--- START ---

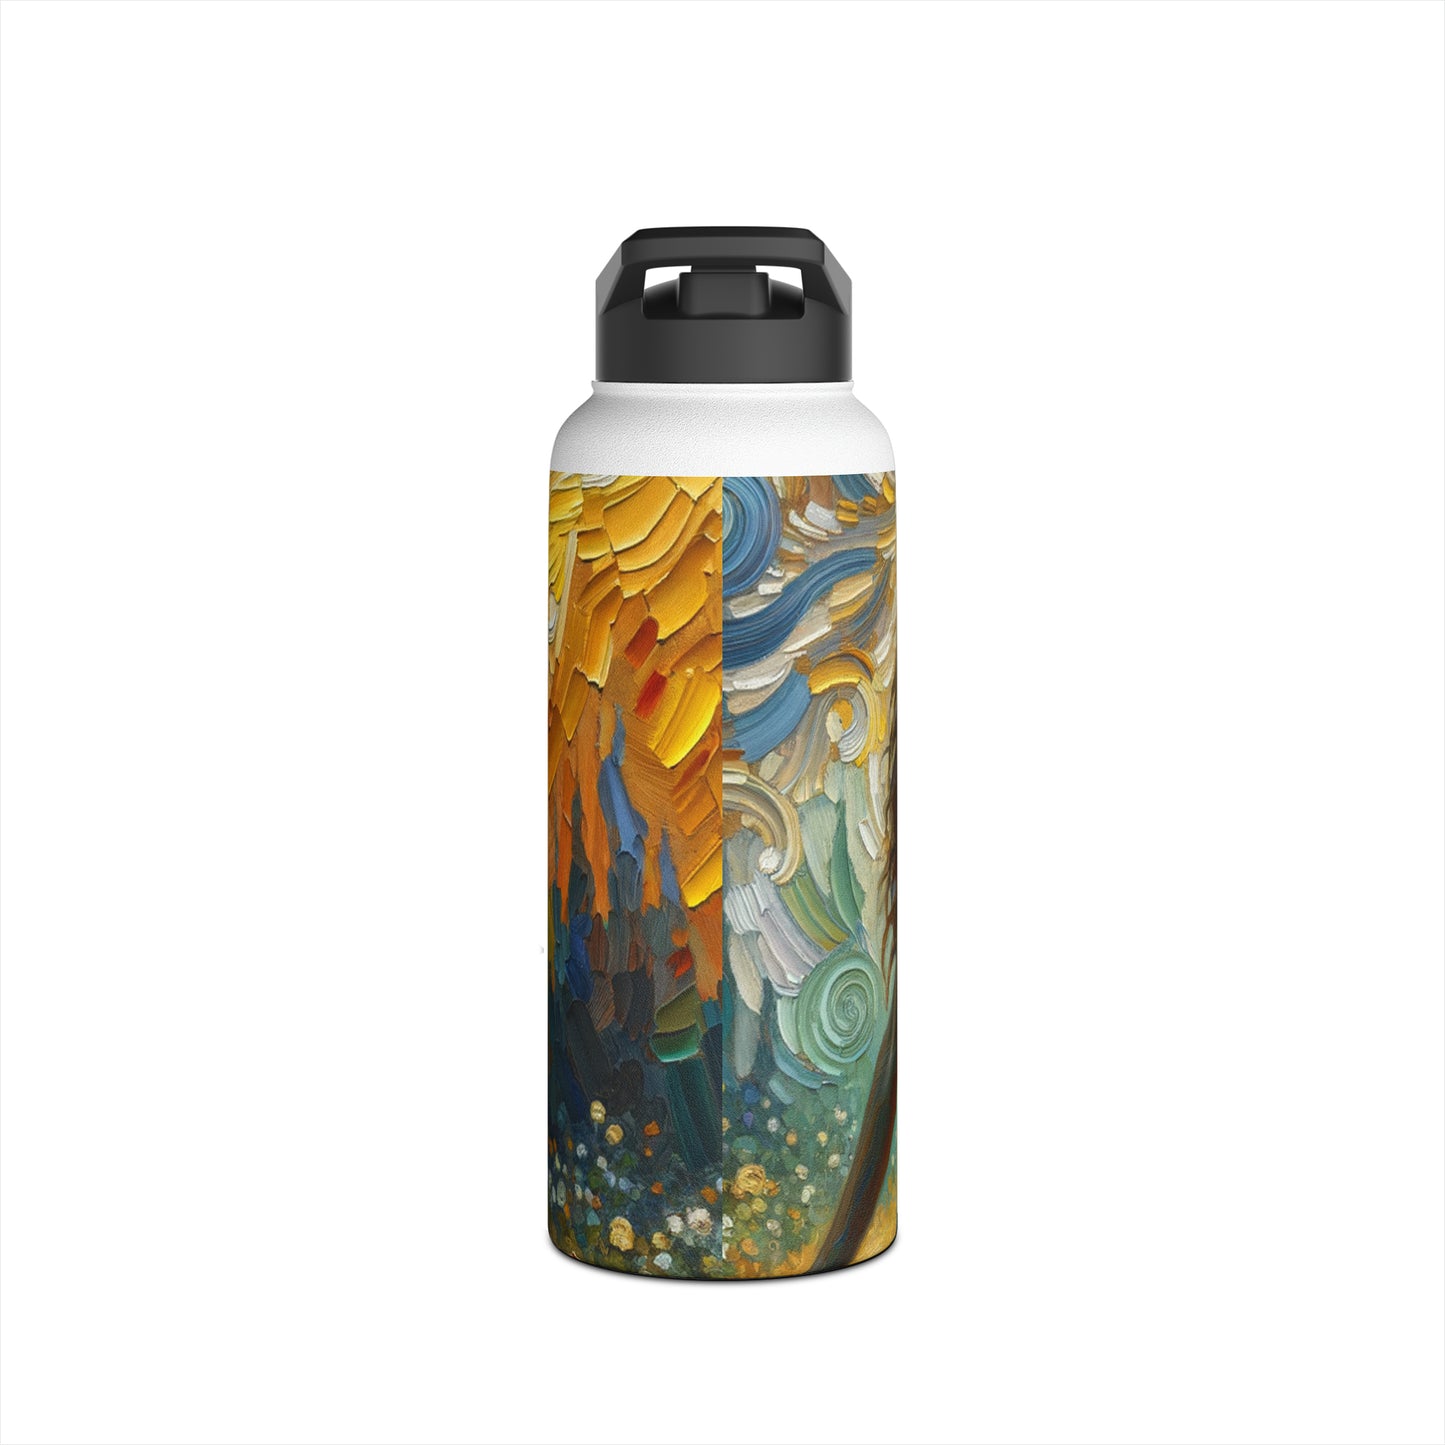 "Golden Warrior: A Tranquil Harmony" - Water Bottle
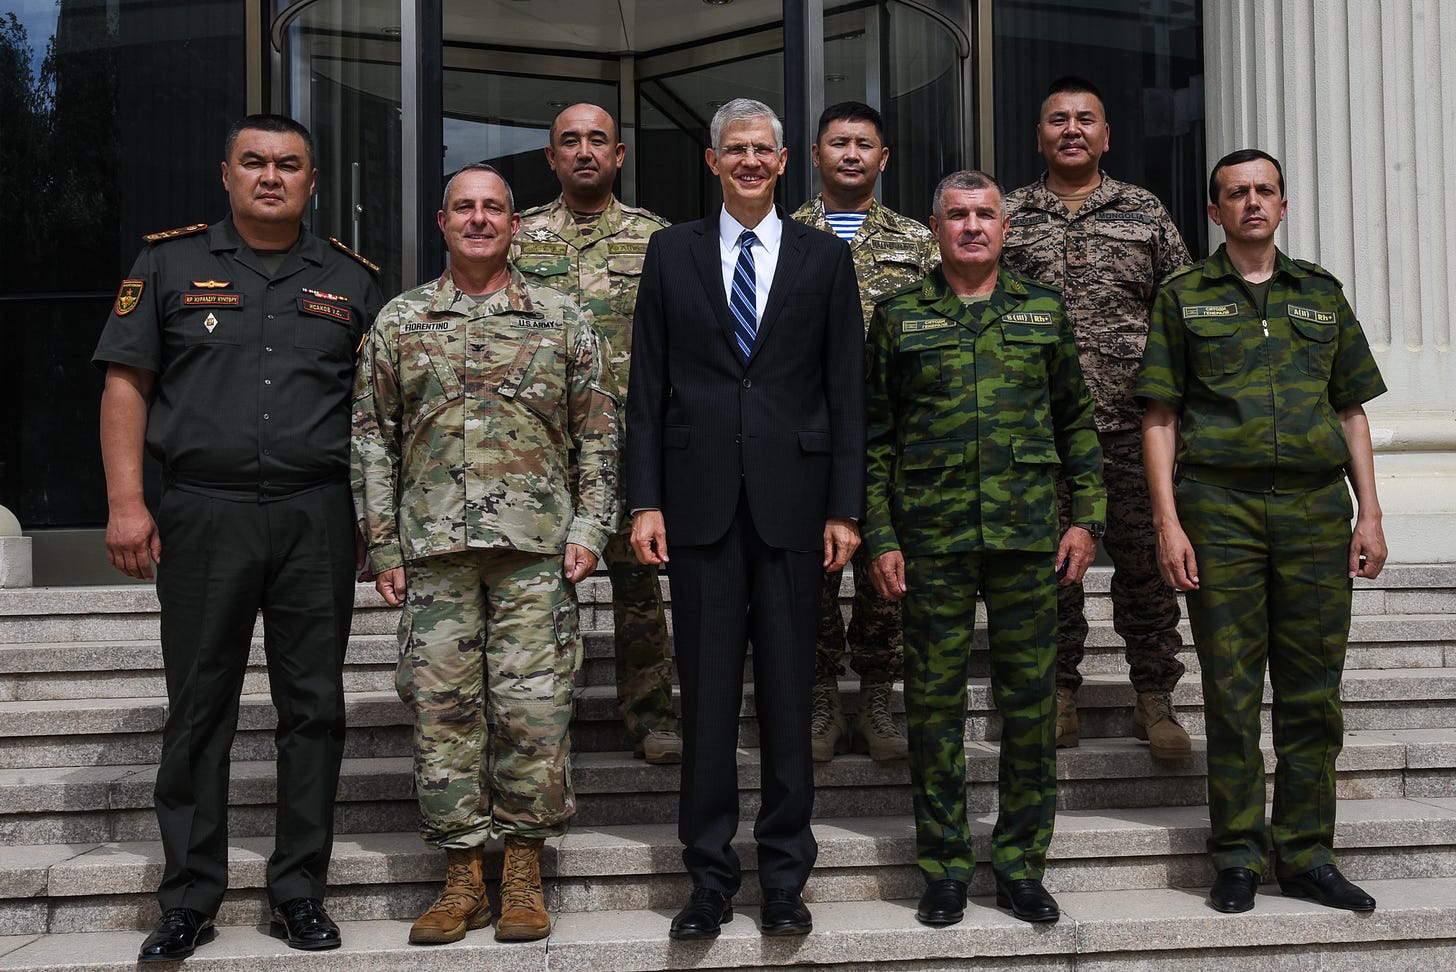 REGIONAL COOPERATION 2022 Military Exercise Begins in Dushanbe > U.S.  Central Command > News Article View
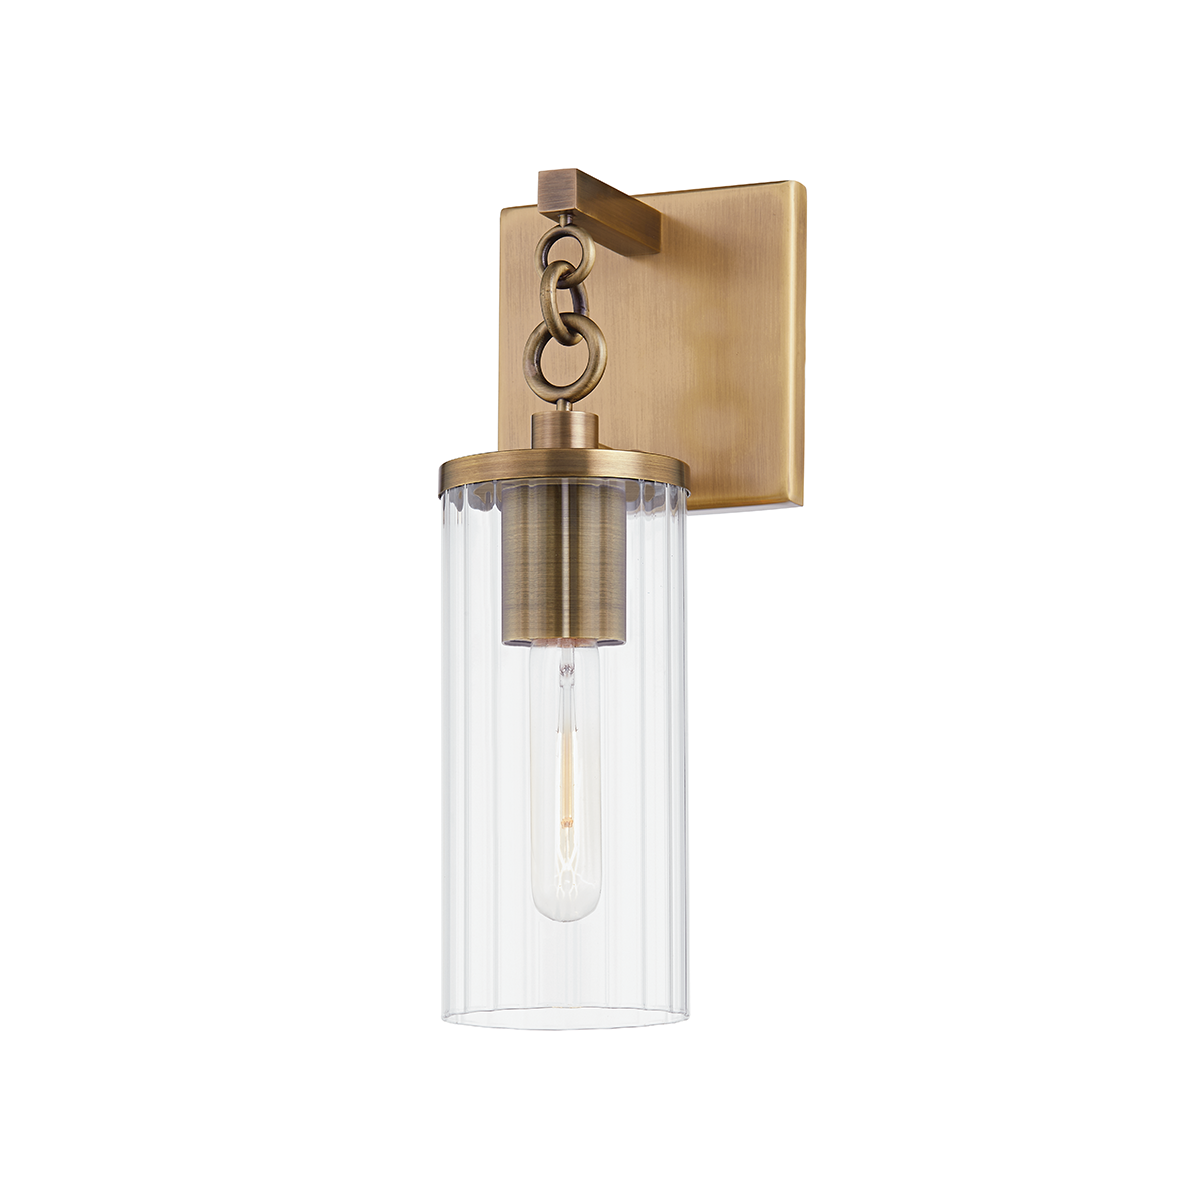 Troy YUCCA 1 LIGHT SMALL EXTERIOR WALL SCONCE B6121 Outdoor l Wall Troy Lighting   
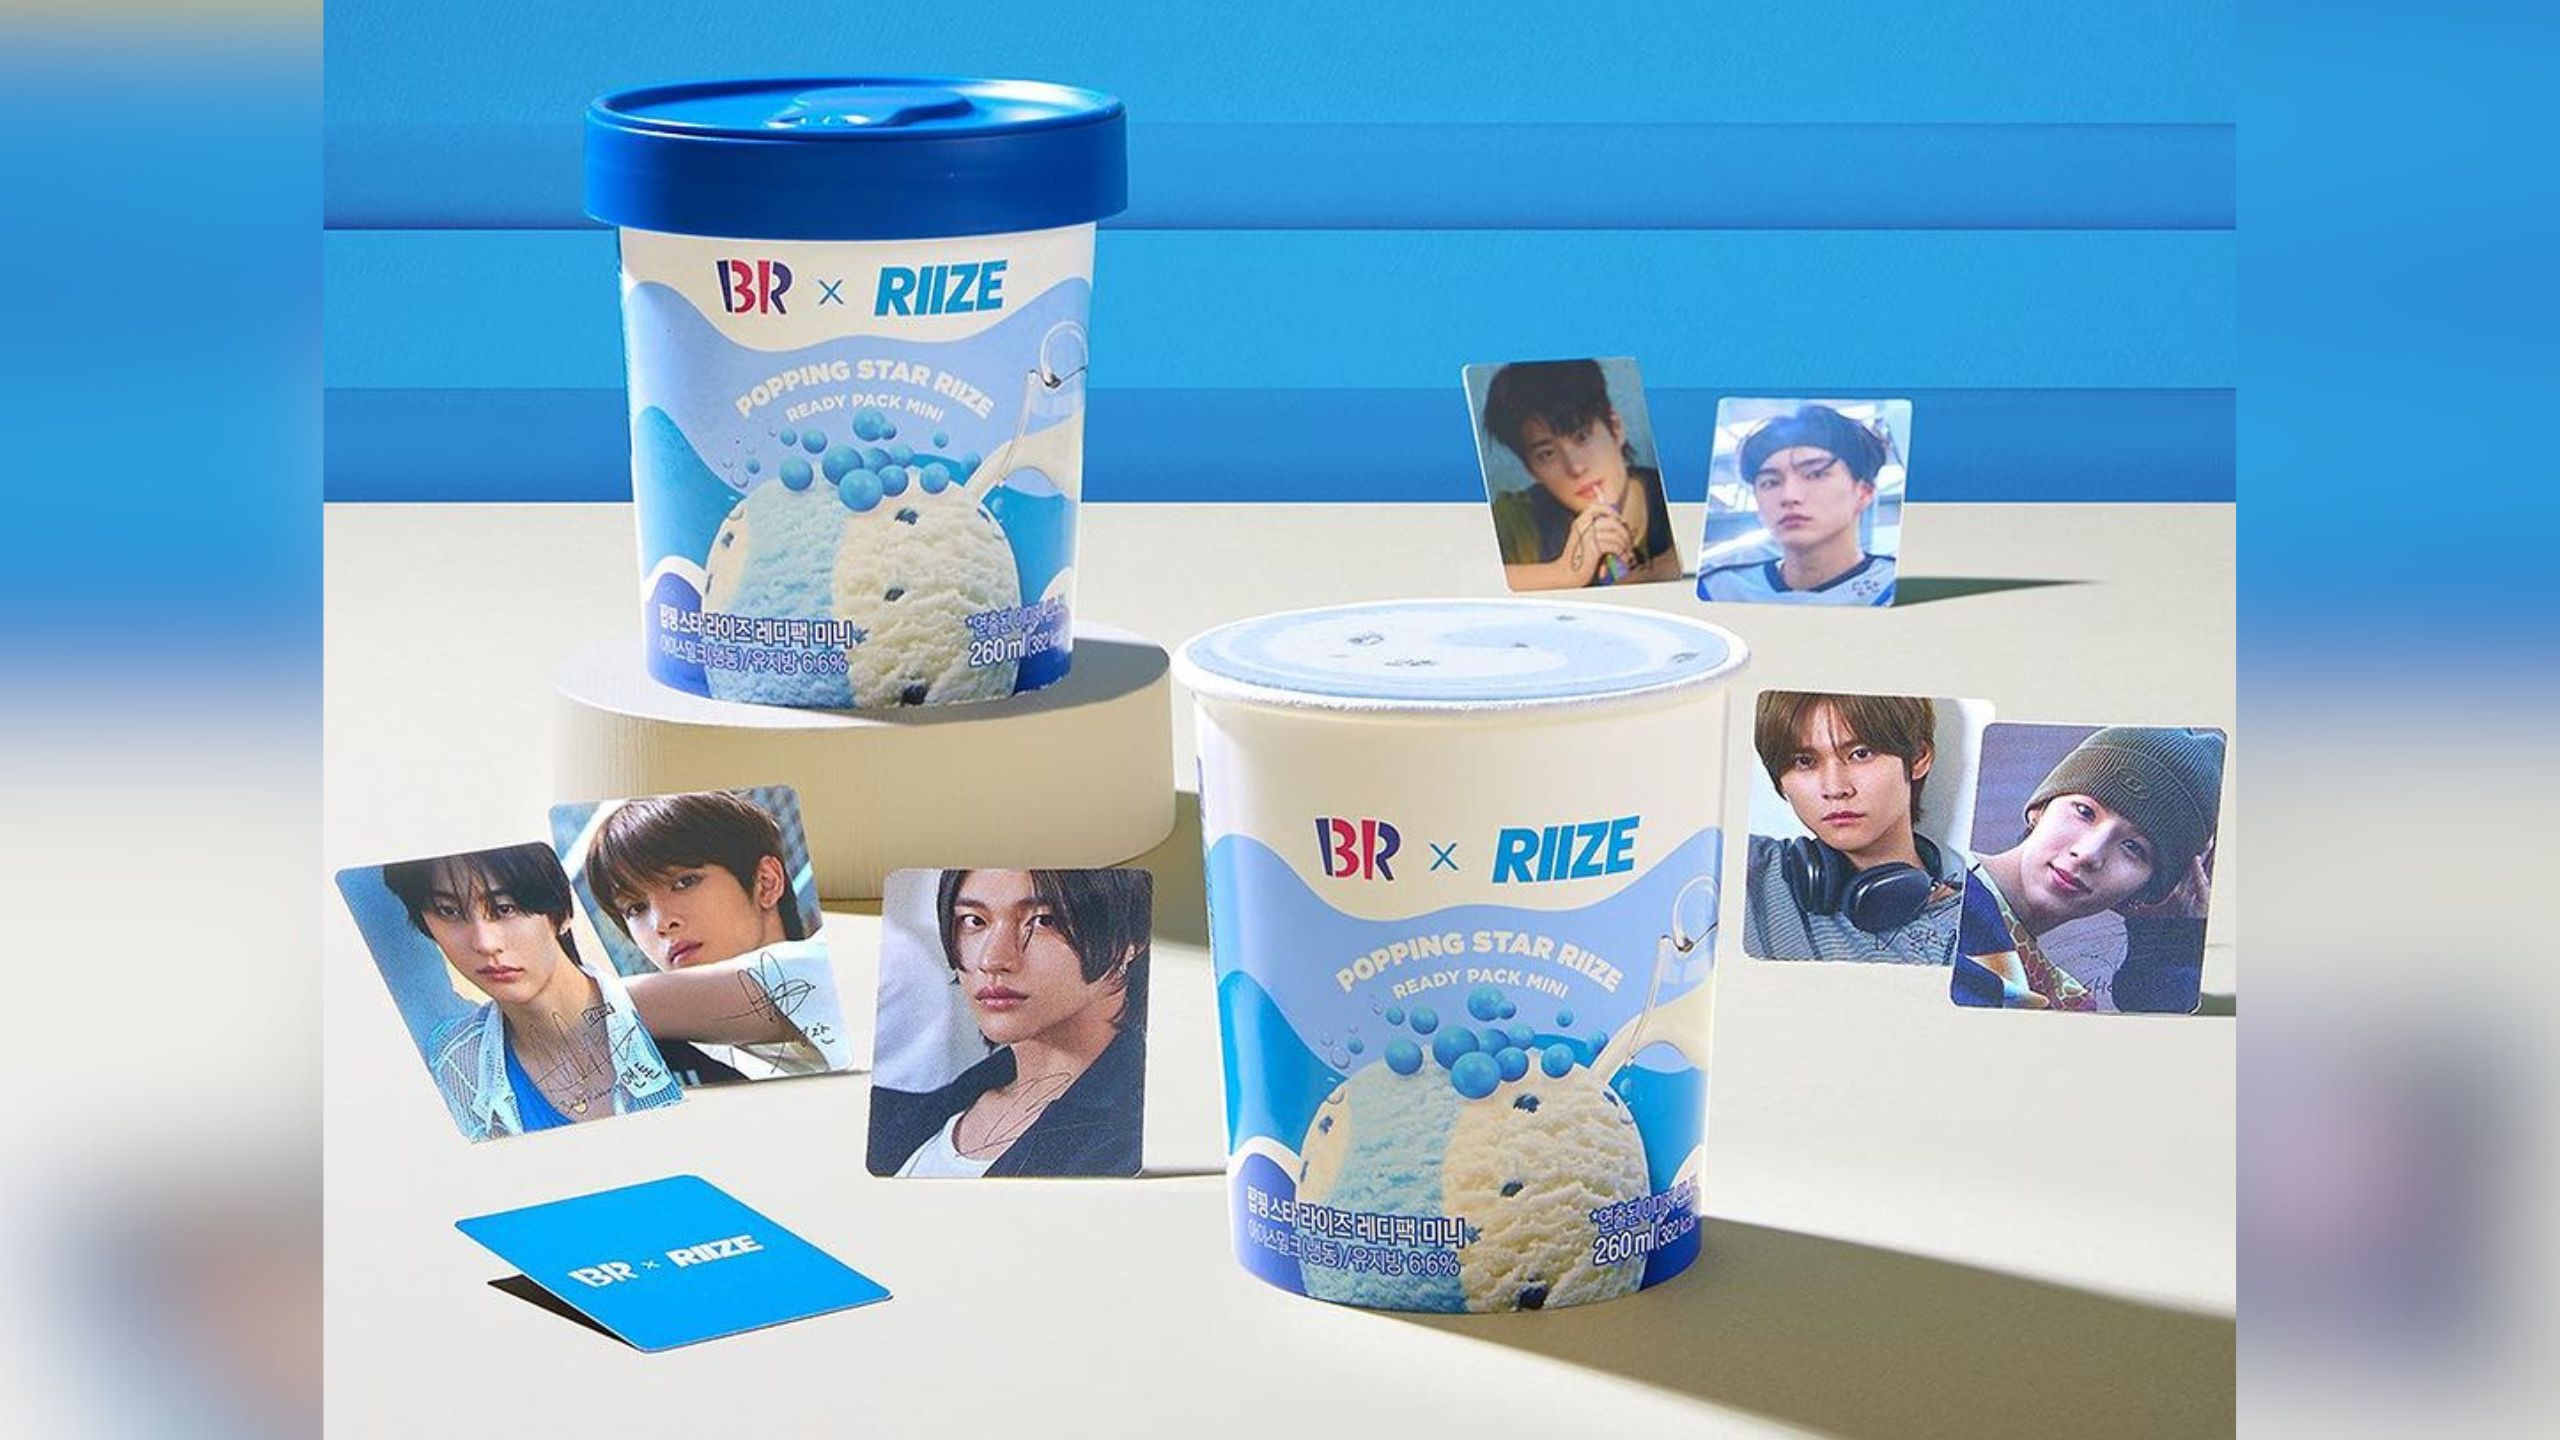 Will you buy Baskin-Robbins because BTS is the brand ambassador of

--- END ---

§ **Problem to solve**: Pictures must be left out. Return verbatim only the lines from the line with "REGIONAL COOPERATION 2022" through the final line of the material above, including both ends.

§ **Problem solution**:
 REGIONAL COOPERATION 2022 Military Exercise Begins in Dushanbe > U.S.  Central Command > News Article View
 Troy YUCCA 1 LIGHT SMALL EXTERIOR WALL SCONCE B6121 Outdoor l Wall Troy Lighting   
 Will you buy Baskin-Robbins because BTS is the brand ambassador of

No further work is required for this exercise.